Provided material:
----

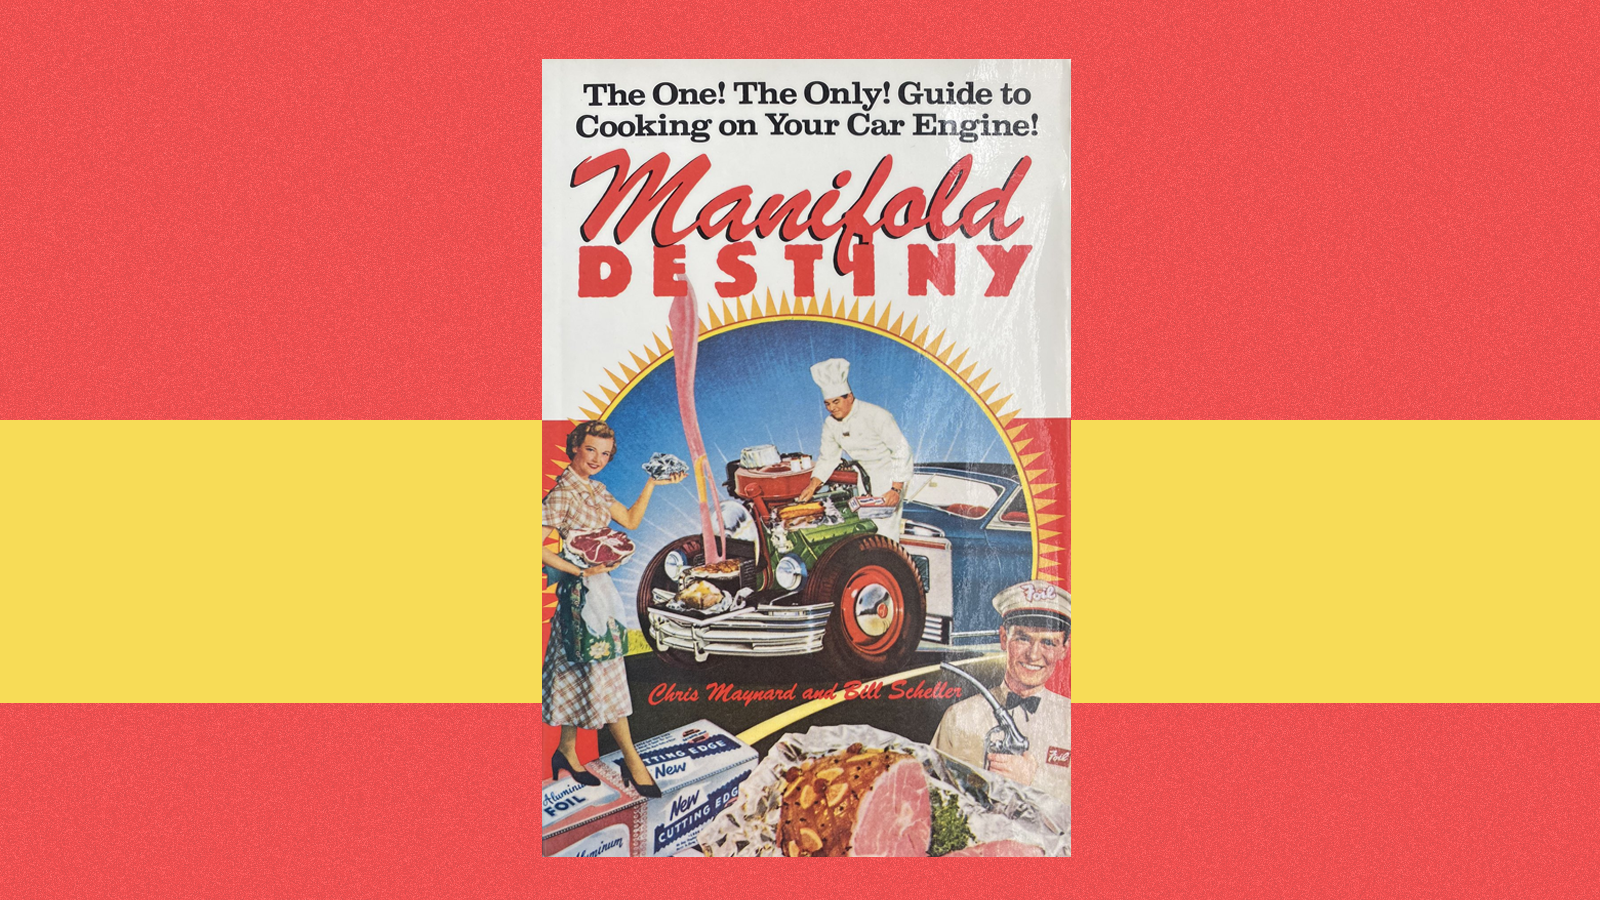 The cover of the book “Manifold Destiny,” superimposed over a yellow and red backdrop. Photo illustration.
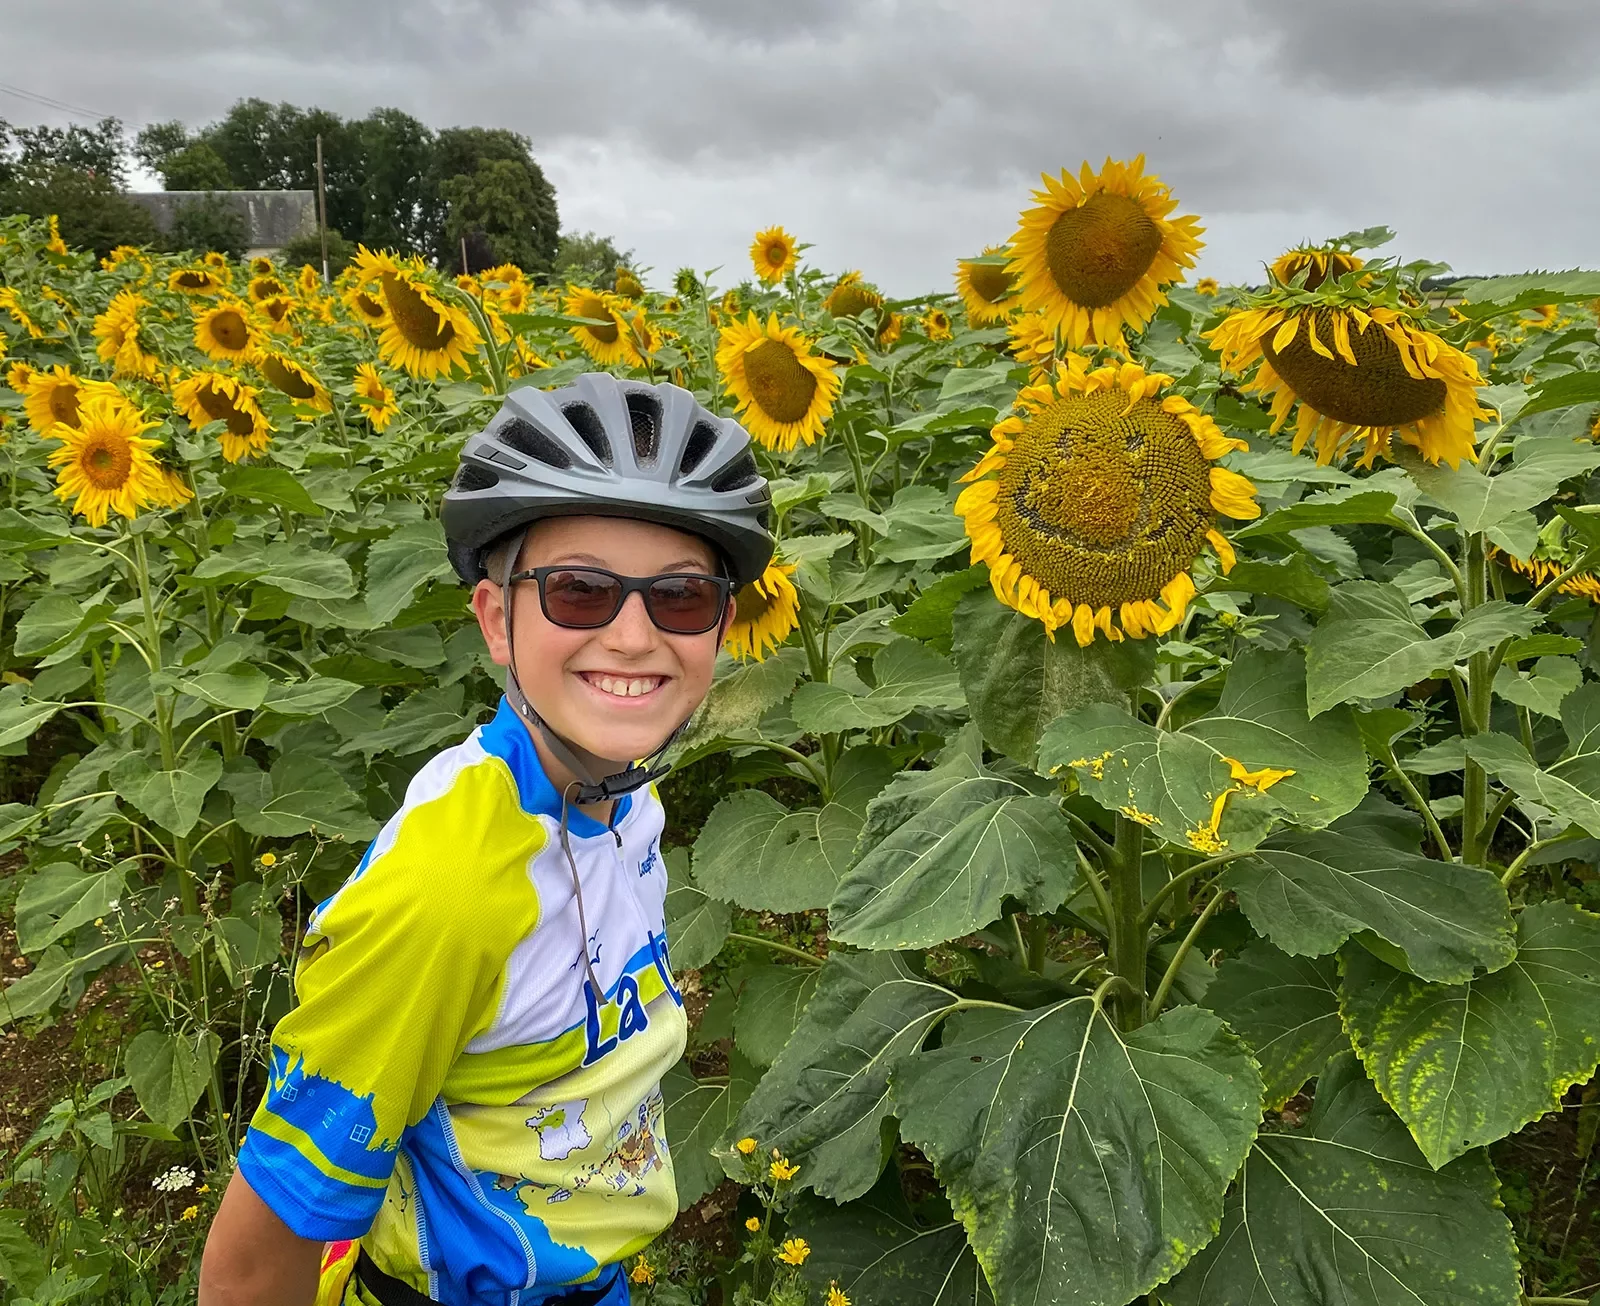 Guest posing in front of large sunflower field.
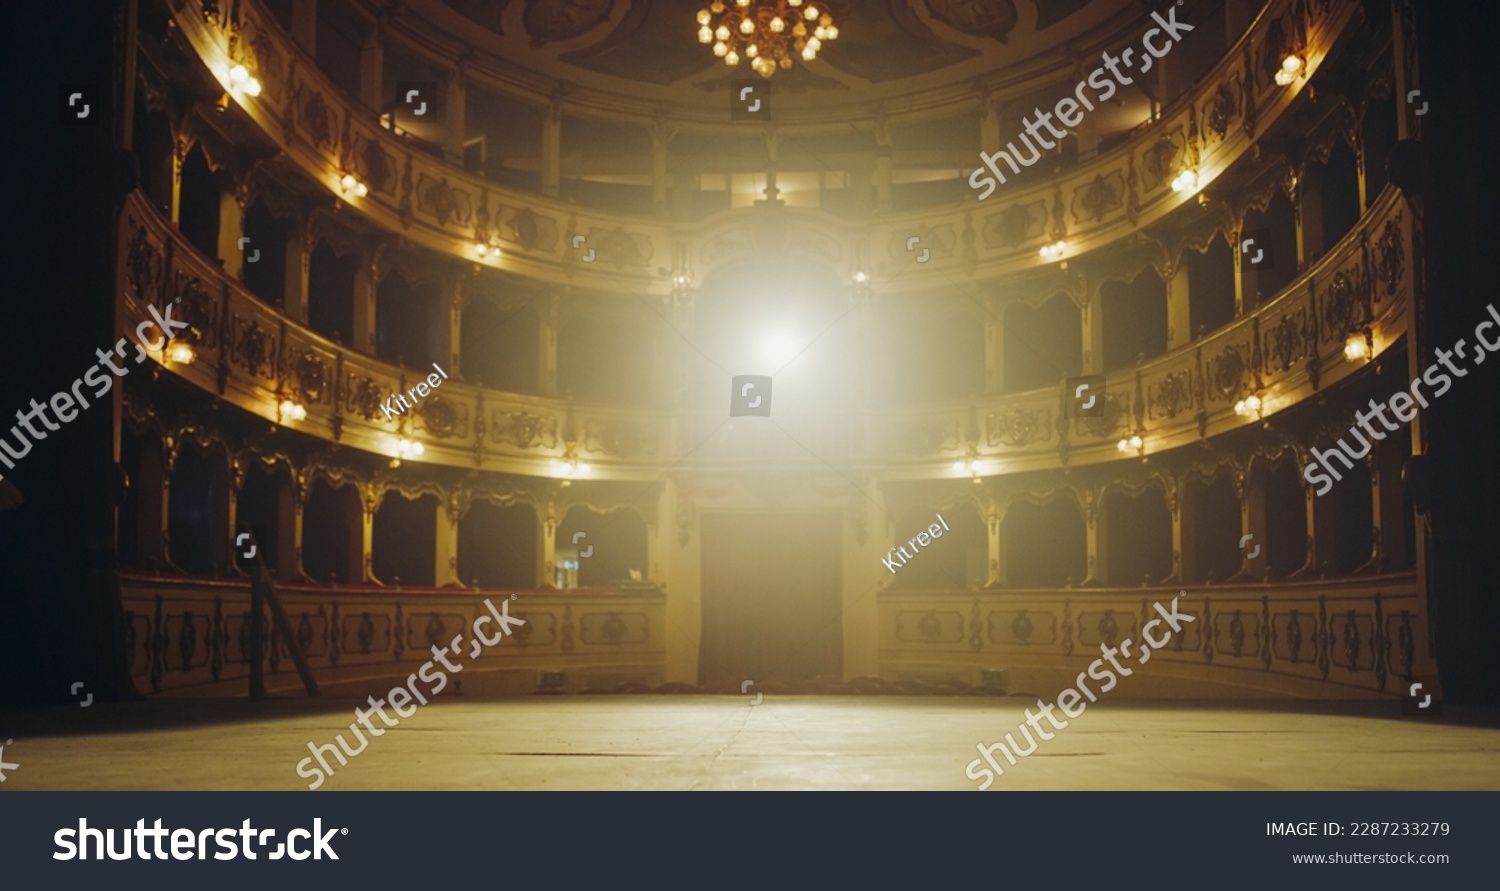 Wide shot of an Empty Elegant Classic Theatre with Spotlight Shot from the Stage. Well-lit Opera House with Beautiful Golden Decoration Ready to Recieve Audience for a Play or Ballet Show #2287233279

----

Task directions: The data must come back word for word, with every picture removed.

Response for this exercise:
 The cover of the book “Manifold Destiny,” superimposed over a yellow and red backdrop. Photo illustration.
 Guest posing in front of large sunflower field.
 Wide shot of an Empty Elegant Classic Theatre with Spotlight Shot from the Stage. Well-lit Opera House with Beautiful Golden Decoration Ready to Recieve Audience for a Play or Ballet Show #2287233279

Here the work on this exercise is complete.